A Portrait of an Artist as a Young Man, James Joyce
Unavoidable, really. But cliché, as Alfred Jarry observed, is the armature of the absolute. So I am, or was, or still am, some kind of Catholic. So I read this book as a blueprint for self-creation. So did a million other impressionable young men. So I never could quite live up to what Stephen mapped out in those fabulous and arrogant last pages. So the beauty of Joyce’s poetic prose dropped into my soul forever, like a toxic flower.

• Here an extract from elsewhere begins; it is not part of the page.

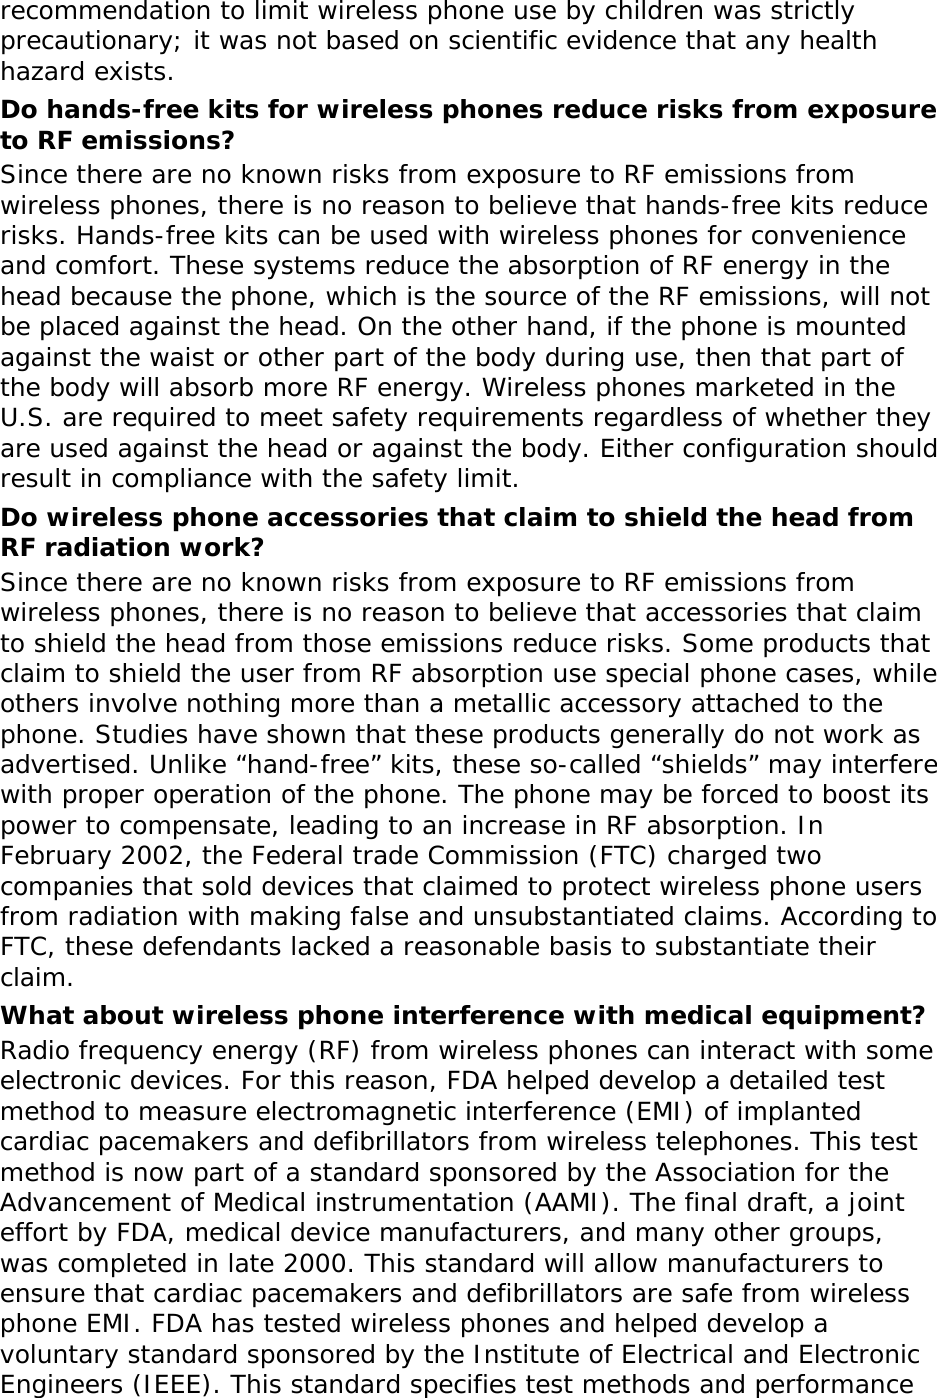 recommendation to limit wireless phone use by children was strictly precautionary; it was not based on scientific evidence that any health hazard exists.  Do hands-free kits for wireless phones reduce risks from exposure to RF emissions? Since there are no known risks from exposure to RF emissions from wireless phones, there is no reason to believe that hands-free kits reduce risks. Hands-free kits can be used with wireless phones for convenience and comfort. These systems reduce the absorption of RF energy in the head because the phone, which is the source of the RF emissions, will not be placed against the head. On the other hand, if the phone is mounted against the waist or other part of the body during use, then that part of the body will absorb more RF energy. Wireless phones marketed in the U.S. are required to meet safety requirements regardless of whether they are used against the head or against the body. Either configuration should result in compliance with the safety limit. Do wireless phone accessories that claim to shield the head from RF radiation work? Since there are no known risks from exposure to RF emissions from wireless phones, there is no reason to believe that accessories that claim to shield the head from those emissions reduce risks. Some products that claim to shield the user from RF absorption use special phone cases, while others involve nothing more than a metallic accessory attached to the phone. Studies have shown that these products generally do not work as advertised. Unlike “hand-free” kits, these so-called “shields” may interfere with proper operation of the phone. The phone may be forced to boost its power to compensate, leading to an increase in RF absorption. In February 2002, the Federal trade Commission (FTC) charged two companies that sold devices that claimed to protect wireless phone users from radiation with making false and unsubstantiated claims. According to FTC, these defendants lacked a reasonable basis to substantiate their claim. What about wireless phone interference with medical equipment? Radio frequency energy (RF) from wireless phones can interact with some electronic devices. For this reason, FDA helped develop a detailed test method to measure electromagnetic interference (EMI) of implanted cardiac pacemakers and defibrillators from wireless telephones. This test method is now part of a standard sponsored by the Association for the Advancement of Medical instrumentation (AAMI). The final draft, a joint effort by FDA, medical device manufacturers, and many other groups, was completed in late 2000. This standard will allow manufacturers to ensure that cardiac pacemakers and defibrillators are safe from wireless phone EMI. FDA has tested wireless phones and helped develop a voluntary standard sponsored by the Institute of Electrical and Electronic Engineers (IEEE). This standard specifies test methods and performance 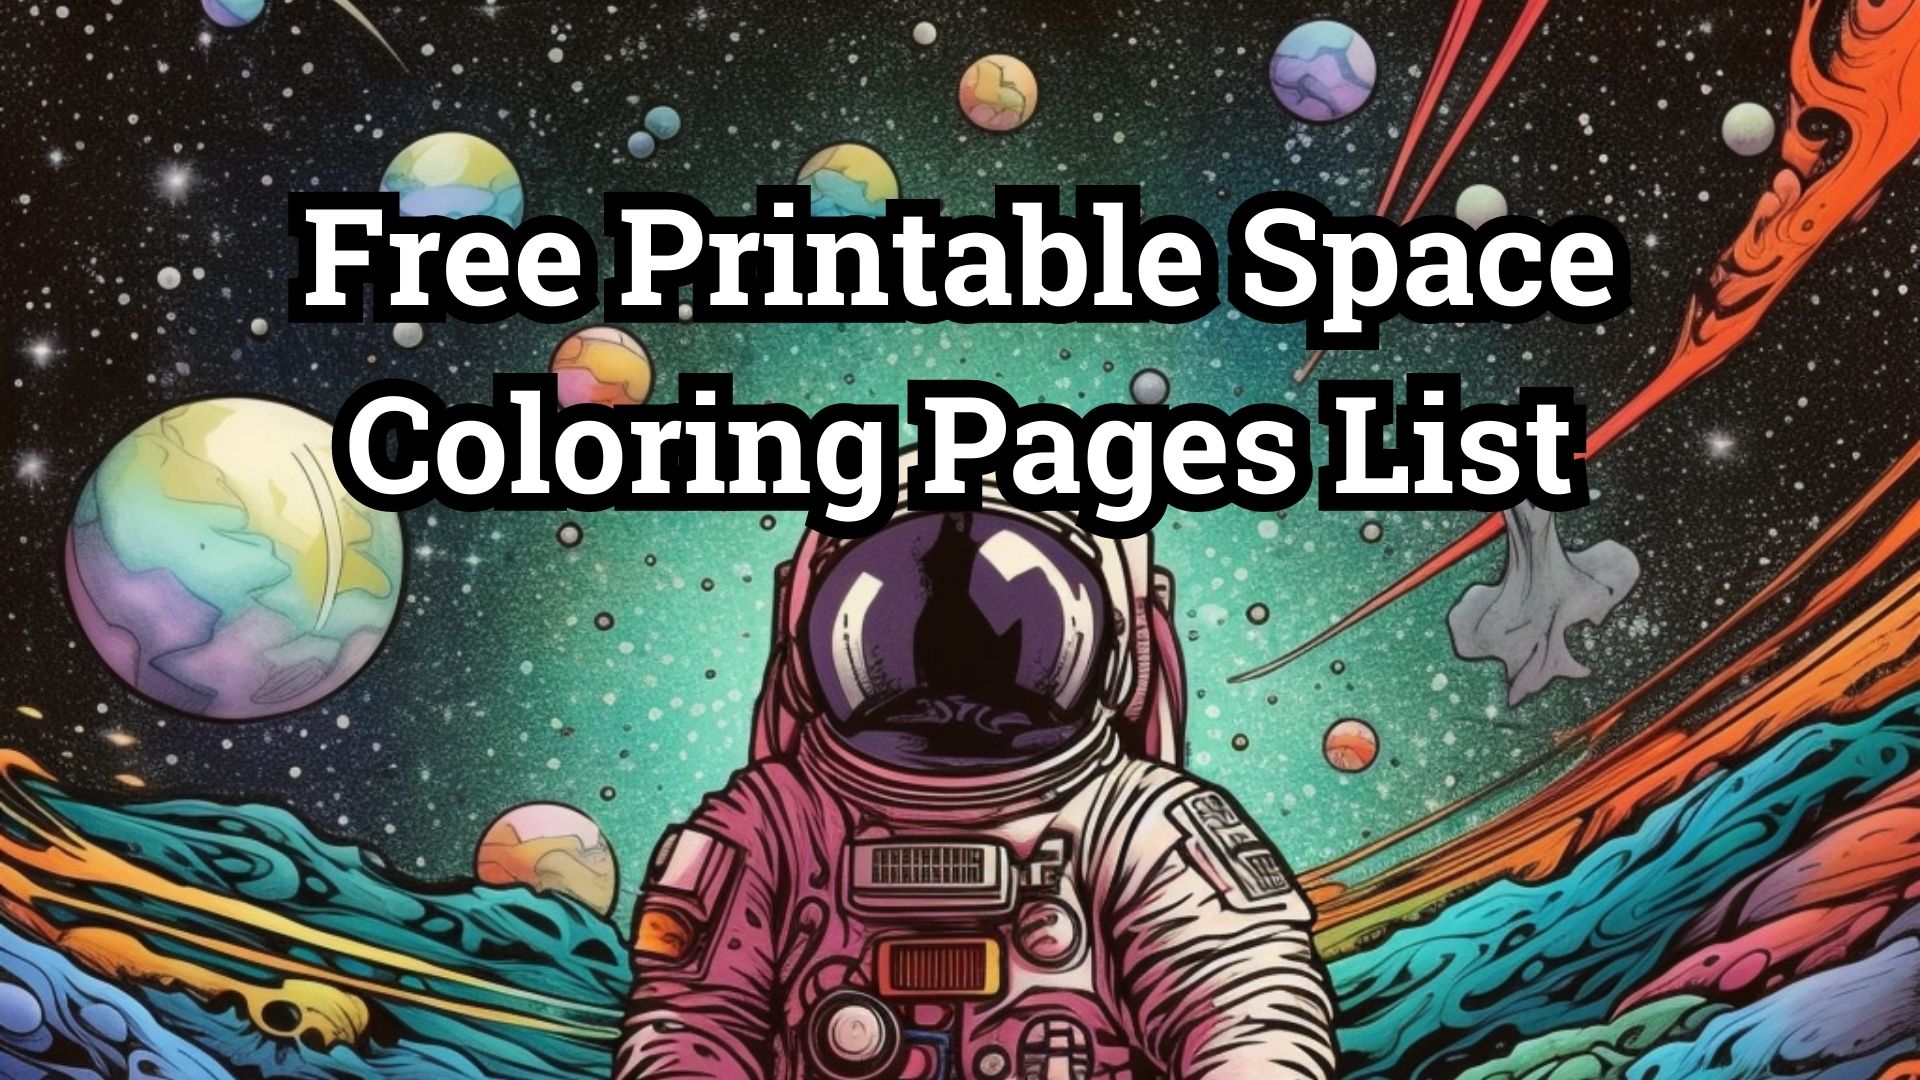 Free Printable Space Coloring Pages List

The Unquiet Grave, Cyril Connolly
How did I ever come to read this unholy book? The first sentence was like lightning and like poison, which I paraphrase here: “The only real task of any writer is to create a masterpiece.” I fear this is not what our MFA programs are churning out these days. And it’s a bad, bad thing to read when you are a callow 21 and entertain the delusion that you might actually have a masterpiece in you. But among the many pleasures, some few of which I understood, there was also this:
The wind doth blow today, my love,
And a few small drops of rain;
I never had but one true-love,
In cold grave she was lain.
St. Mawr, D. H. Lawrence
This was the first thing I ever read by DHL, besides the Selected Poems edited by Rexroth (whose introduction deserves its own place on this list), that really grabbed me. I didn’t understand two-thirds of it, as I realize now that I teach it. And my freshman at Amherst, especially the female students, often write staggering responses to it. It blows their minds, even after I’ve pointed out all the humbug. But for me, it was not the feminism of the novella that spoke, but its other half, its twin, I suppose, the wild chthonic nature worship, heathen and dark, ruinous and resurrectional. Lawrence was an obsessive, even tendentious, writer, but like HD and Pound he longed to invent his own religion by throwing over modernity all together in pursuit of the mad pagan Dionysian energies that technology was destroying. No one seems to read him anymore, but I will always venerate him, cock-eyed and half-assed and all. And I would add here Studies in Classic American Literature, too – still the most penetrating and hilarious book ever written about American writers.
On The Road, Jack Kerouac
When I was in high school, a girl I thought I was in love with gave me a copy of The Dharma Bums. It was sweet and golden and light as a feather. But then I found On The Road. Again, we enter the territory of cliché, but this book was a firecracker going off in my brain. It didn’t just speak of liberation; it lived it. There are two kinds of readers, I’ve come to feel – those who value the shallow cynicism of Catcher in The Rye, where Salinger masquerades as a cut-rate Dostoevsky, and those who dive into the Dionysian excess and confusion of On The Road. Kerouac, as Luke Menand says, was writing about the loneliness of men; their melancholy desire and inability to connect. But it’s also about darkness and a perverse Blakean longing for forbidden experience, for deranged orders of transcendence. For radical abundance over the paucity of disappointed affirmation. It schooled my soul. What more can I say?